- **What is expected**:
Copy each line below exactly as it appears. Pictures are to be omitted.

------ Exercise data

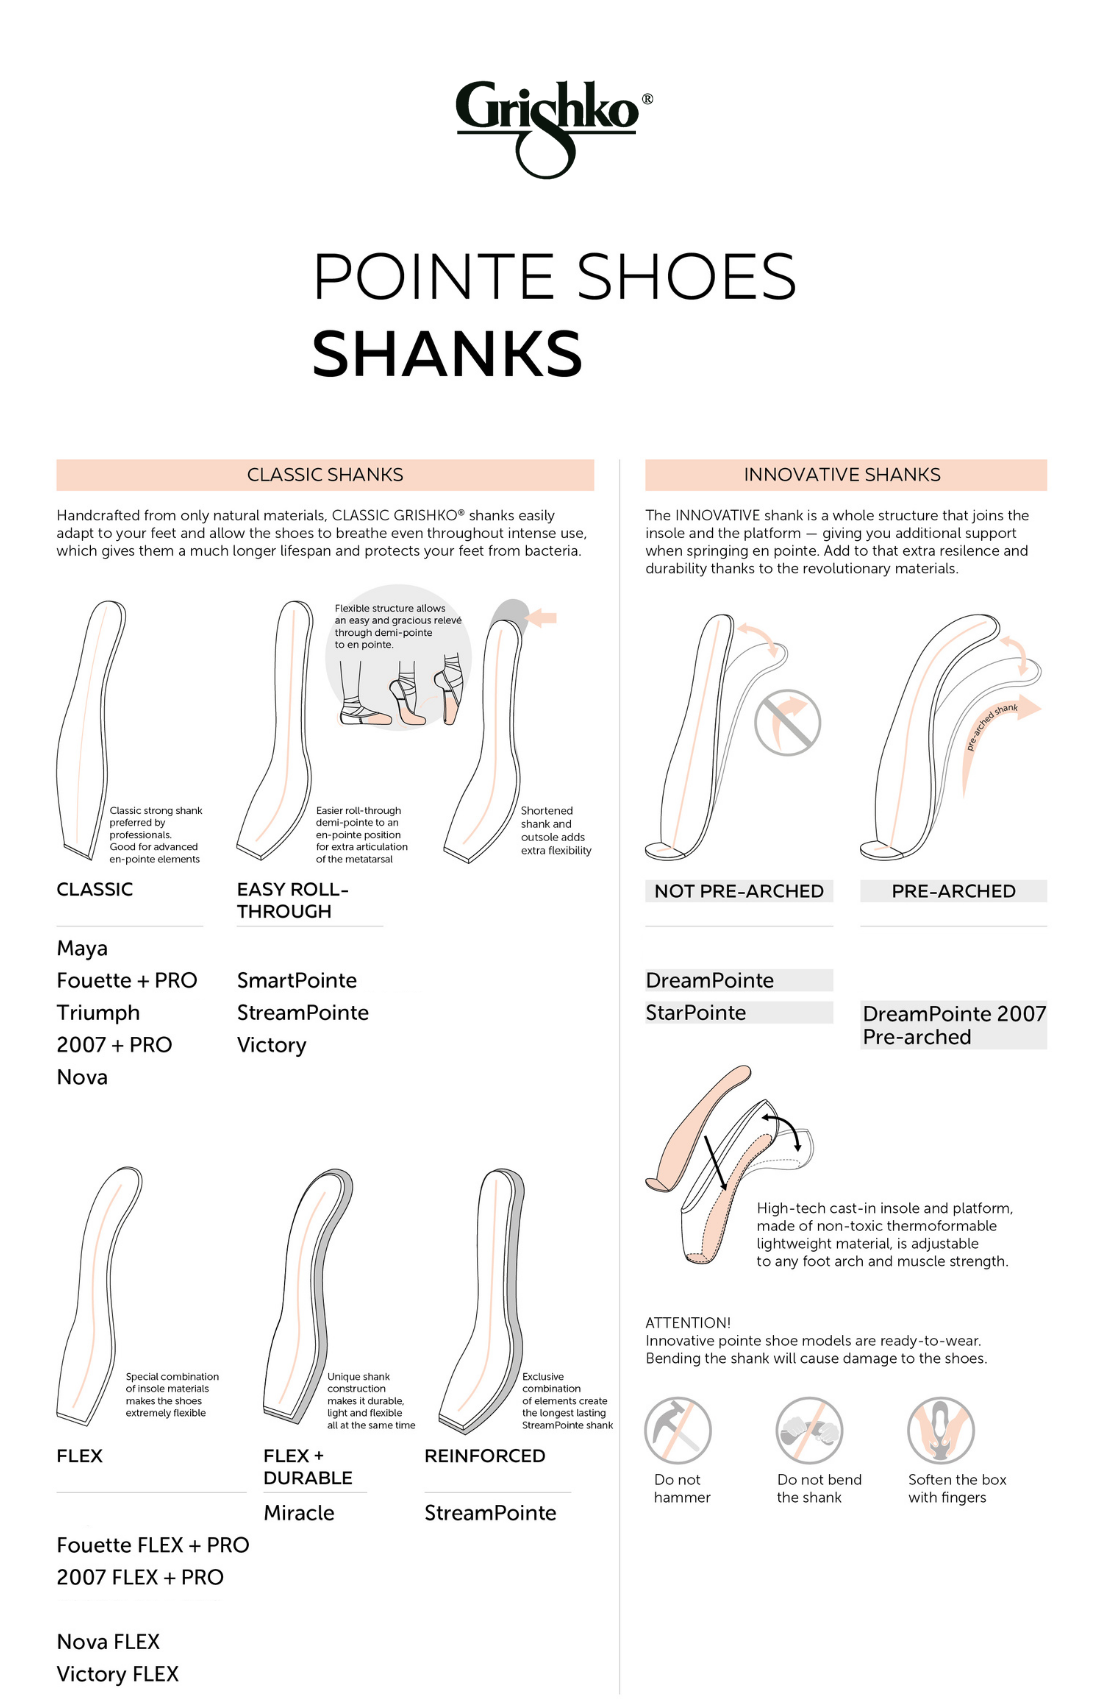 Pointe Shoes - Shanks
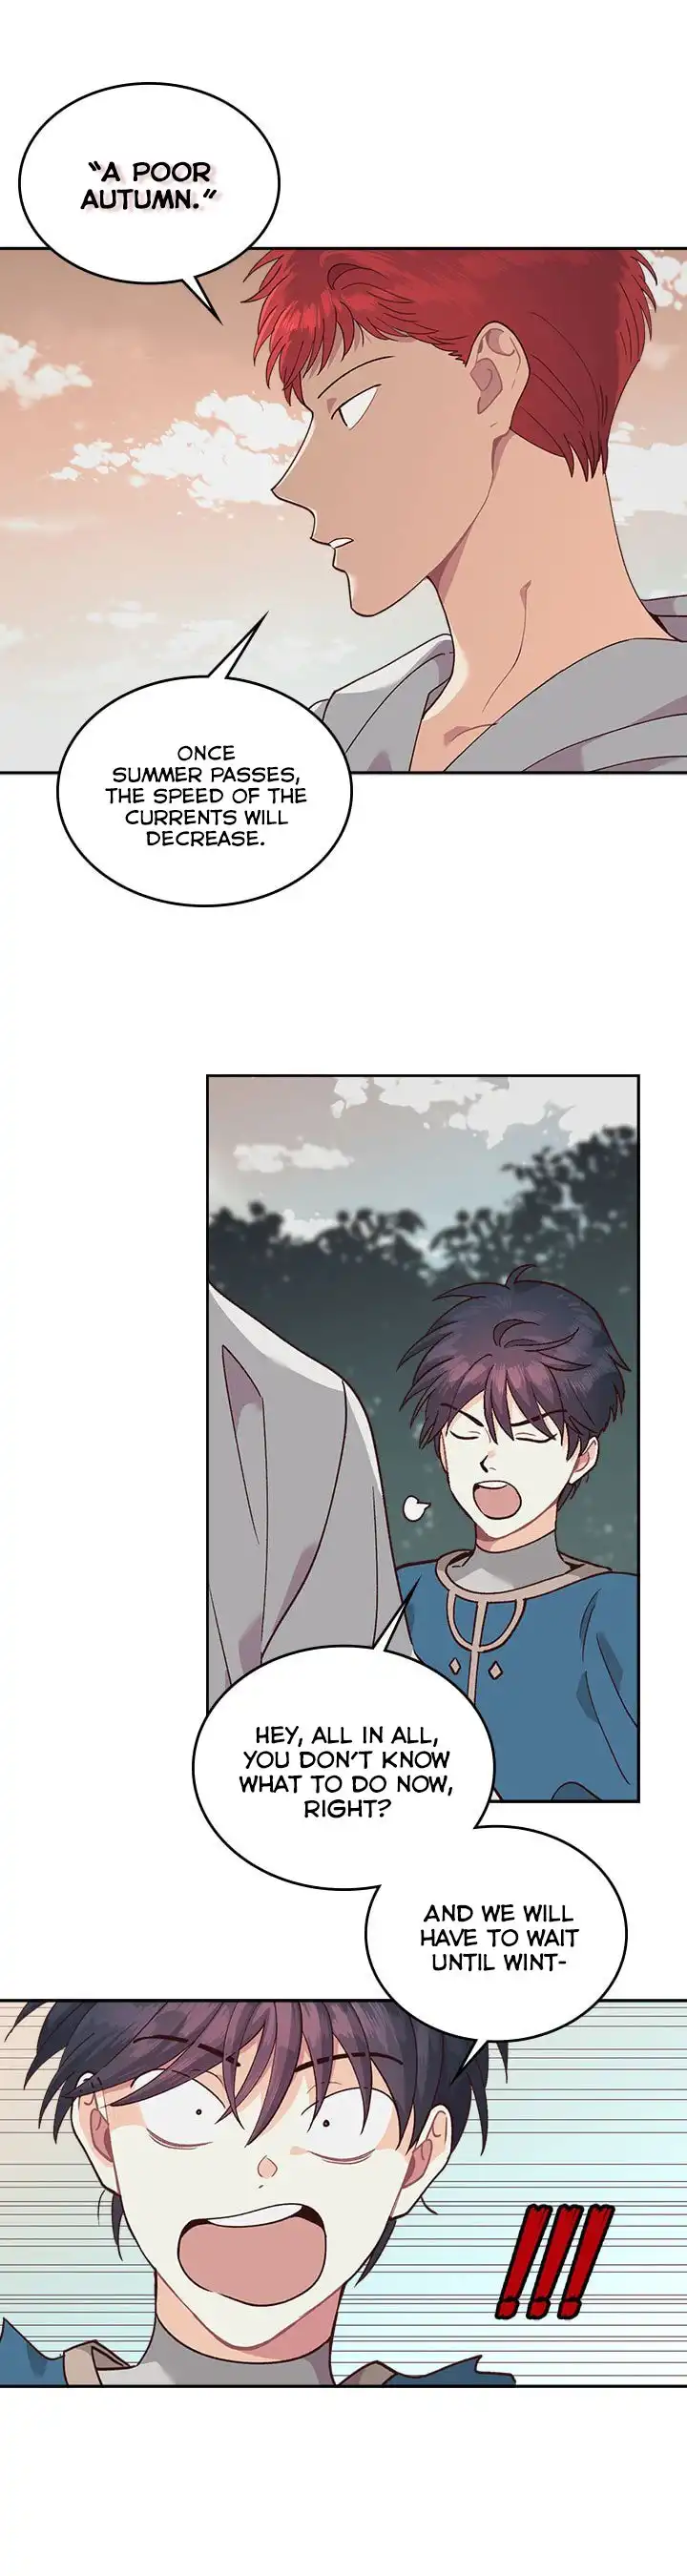 Emperor And The Female Knight Chapter 20
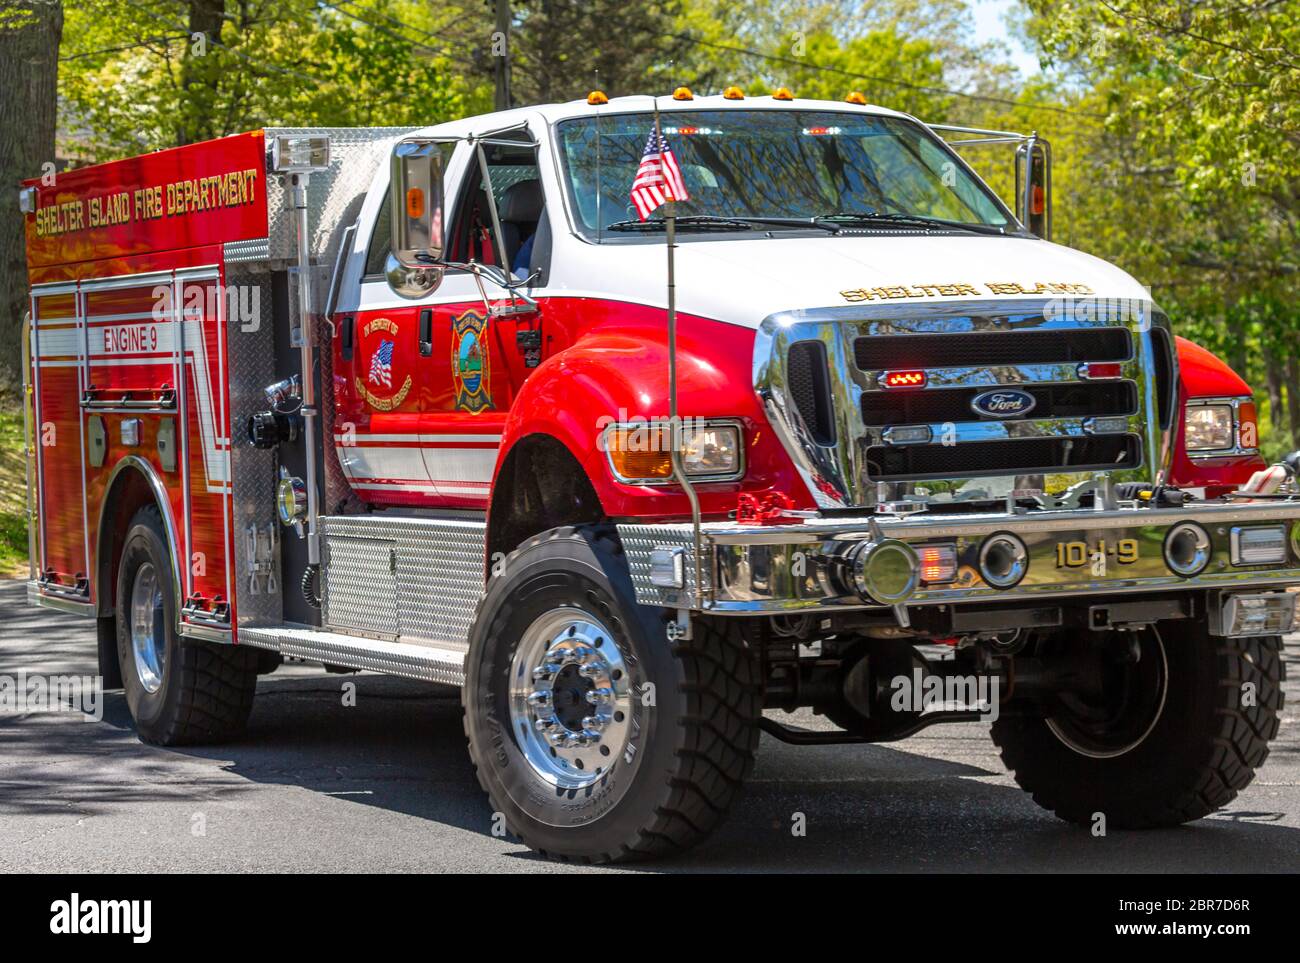 Large red and white Shelter Island fire department truck Stock Photo

------------

- **Your response**:
 Pointe Shoes - Shanks
 Emperor And The Female Knight Chapter 20
 Large red and white Shelter Island fire department truck Stock Photo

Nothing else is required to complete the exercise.